Recently, I celebrated the three-year anniversary of an event that made me flashback to every second of that day with vivid recall …
It started as a “usual” procedure on a Wednesday morning. I had only been able to gulp down half of my latte before the anesthesiologist for my 7:30 a.m. cardioversion appeared to tell me we were ready to start. I wanted to stay on time as I had a long morning of back-to-back procedures awaiting me. I went straight into Jenny’s room, hoping my coffee would still be warm after I finished the procedure. There she was, sitting up in bed, watching “Good Morning America,” looking about the brightest I had seen her in the past six months, surrounded by her daughter, son, and husband.
She was 83-years-old and had just undergone a mitral and tricuspid valve repair, along with a maze procedure for atrial fibrillation two months before. Her postoperative course was complicated by biventricular dysfunction and persistent atrial fibrillation. Her surgeon had started her on amiodarone and we had a long discussion about the merits of restoring sinus rhythm as a way to improve rate control, AV synchrony, and her hemodynamics. Jenny smiled at me and gave me a thumbs up saying she was ready for the procedure. I glanced over the paperwork to ensure the consent form had been signed, looked at the pre-procedure history and physical (H&P) note, and nodded to the anesthesiologist. We were ready to proceed.
My routine morning took a sudden and unexpected turn after Jenny’s eyes fluttered closed and the “shock” button on the defibrillator caused her body to jump into the air. I gaped at the screen as the shock was followed by one lonely QRS complex and then nothing. Flatline. My fingers quivered as I frantically tried to turn the knob to the pacing position to transcutaneously pace; I was aghast when we had no capture.
“Atropine!

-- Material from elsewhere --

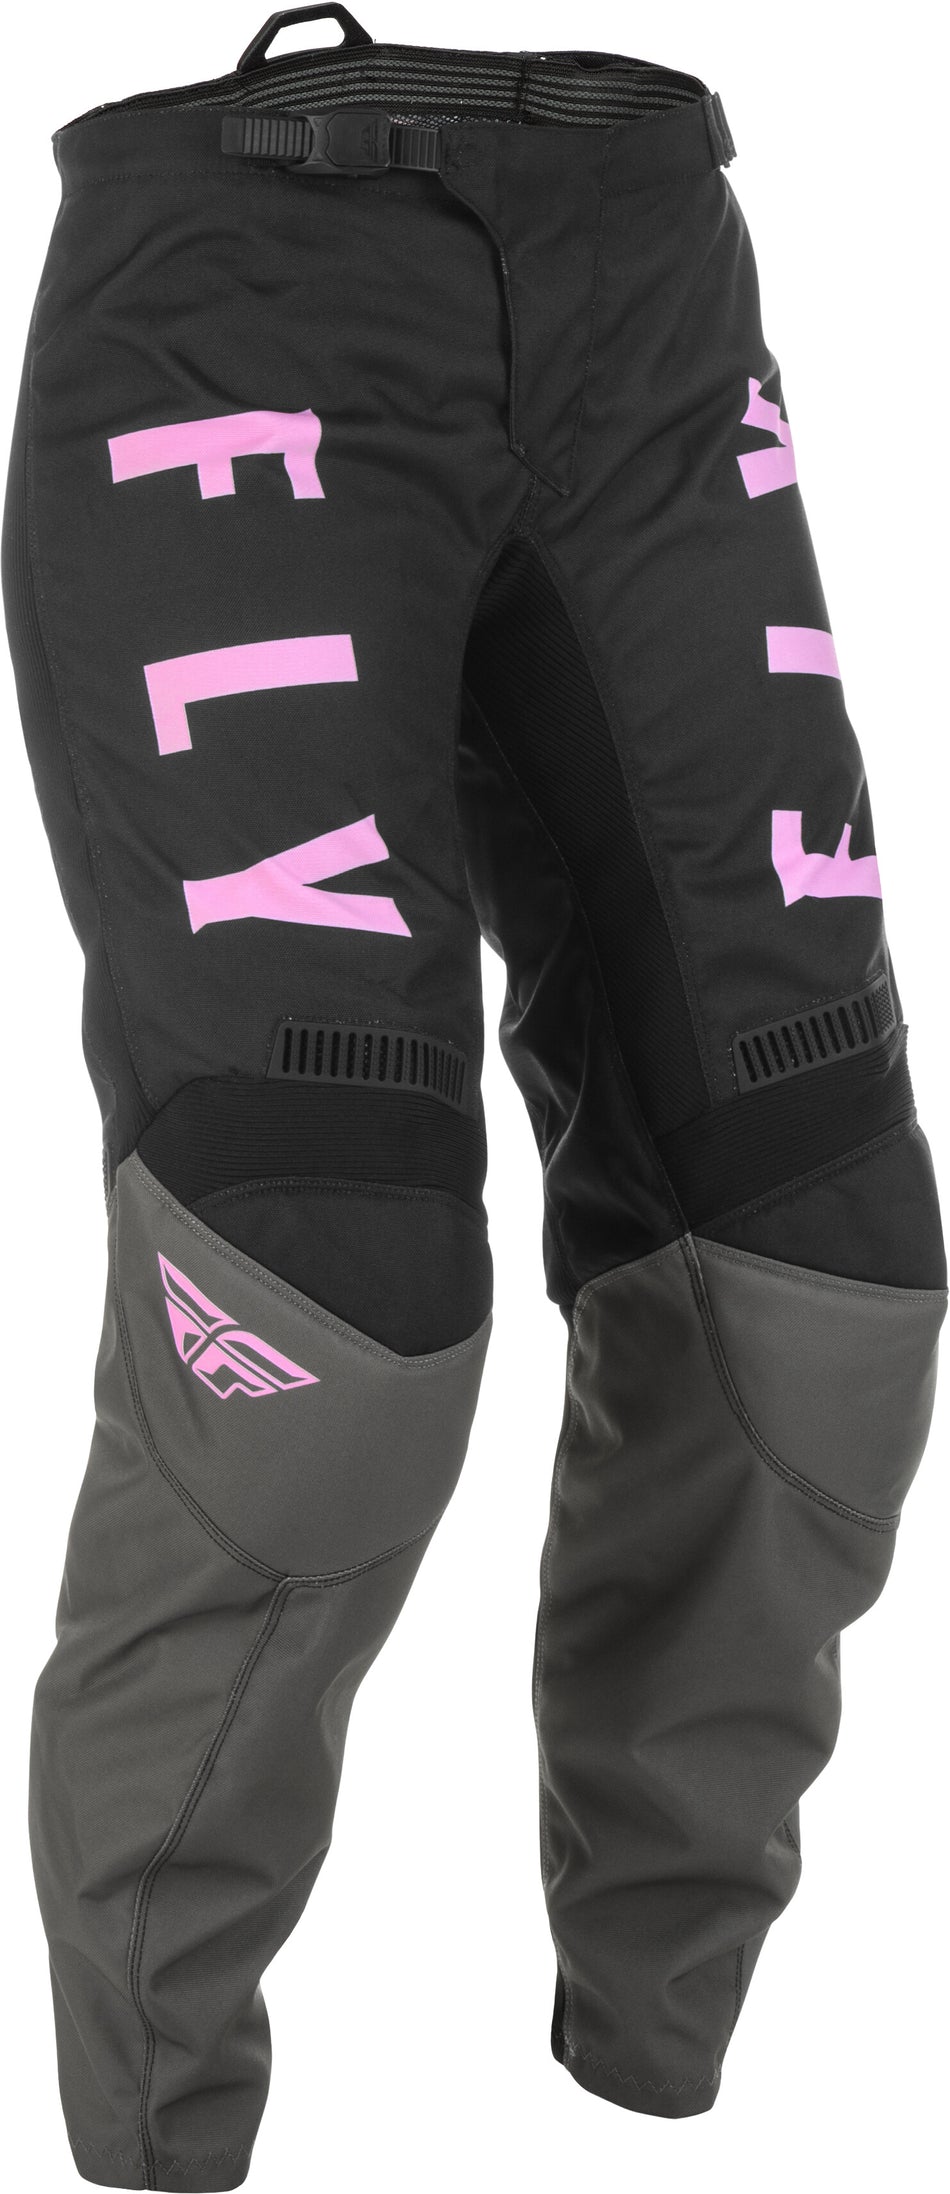 FLY RACING Women's F-16 Pants Grey/Black/Pink Sz 05/06 375-83106

Start CPR!” I shouted.
After what felt like hours (but was actually only 21 minutes), Jenny was intubated, had a pulse on an epinephrine infusion, and was stable enough to transport to the ICU. I left to talk to her daughter and only then did I find out that her primary care provider had, just yesterday, asked her to double her morning dose of metoprolol. His intentions had been good (to improve rate control), but – my heart sank – could that have been the reason for the morning’s events? I had instructed my team to hold her morning beta-blocker, and instead she had taken a double dose! Granted, Jenny was elderly and had valve surgery, with rings implanted adjacent to the AV node. She had also been taking amiodarone, so there was more than one potential cause for the procedure's outcome … but I couldn’t help but wonder: was it the double dose of metoprolol that had pushed her over the edge? And if so, whose responsibility was it to ensure that something like this didn’t happen? The nurse who called the patient with the procedural instructions about morning medications? The primary care providers who didn’t know that she had a cardioversion scheduled the next day? The physician’s assistant who filled out the H&P note? Or was it mine? After all, I was the attending for the procedure … so, did I carry the ultimate responsibility?
We all practice medicine in the era of the “Checklist Manifesto” and procedural “time-outs,” which allow us some degree of safeguard against such happenings. But as the complexity of the patients we manage and the conditions we treat grows, an over-simplified approach doesn’t always account for human error and unpredictable factors — does it? Perhaps if all of my patient’s medical providers had been on the same electronic medical record — would one portal have eliminated the margin for error?
Jenny was extubated the next day and slowly recovered after her pacemaker was implanted. Miraculously, she had an uneventful recovery and was soon smiling and happy again. But I had a few humbling reflections after that day’s occurrences. First, in cardiology, we literally work on the cusp of life and death every single day, and sometimes our patients unexpectedly cross from one side to the other within seconds. Second, given all the discussion about artificial intelligence out there, if a computer algorithm and centralized medical record system had been in charge of Jenny’s peri-procedural instructions and care, could her complication have been avoided?
What do you think? When our workflow systems break down, is it the physician who should ultimately assume the responsibility? Or is it unfair to “scapegoat” the physicians when the system fails? In the workflow of modern medicine, where there are so many interrelated parts interdisciplinary teams, how do we balance taking “ownership” of our patients against the pressure to “trust” the system? Would computers do better?
All names and identifying information have been modified to protect patient privacy.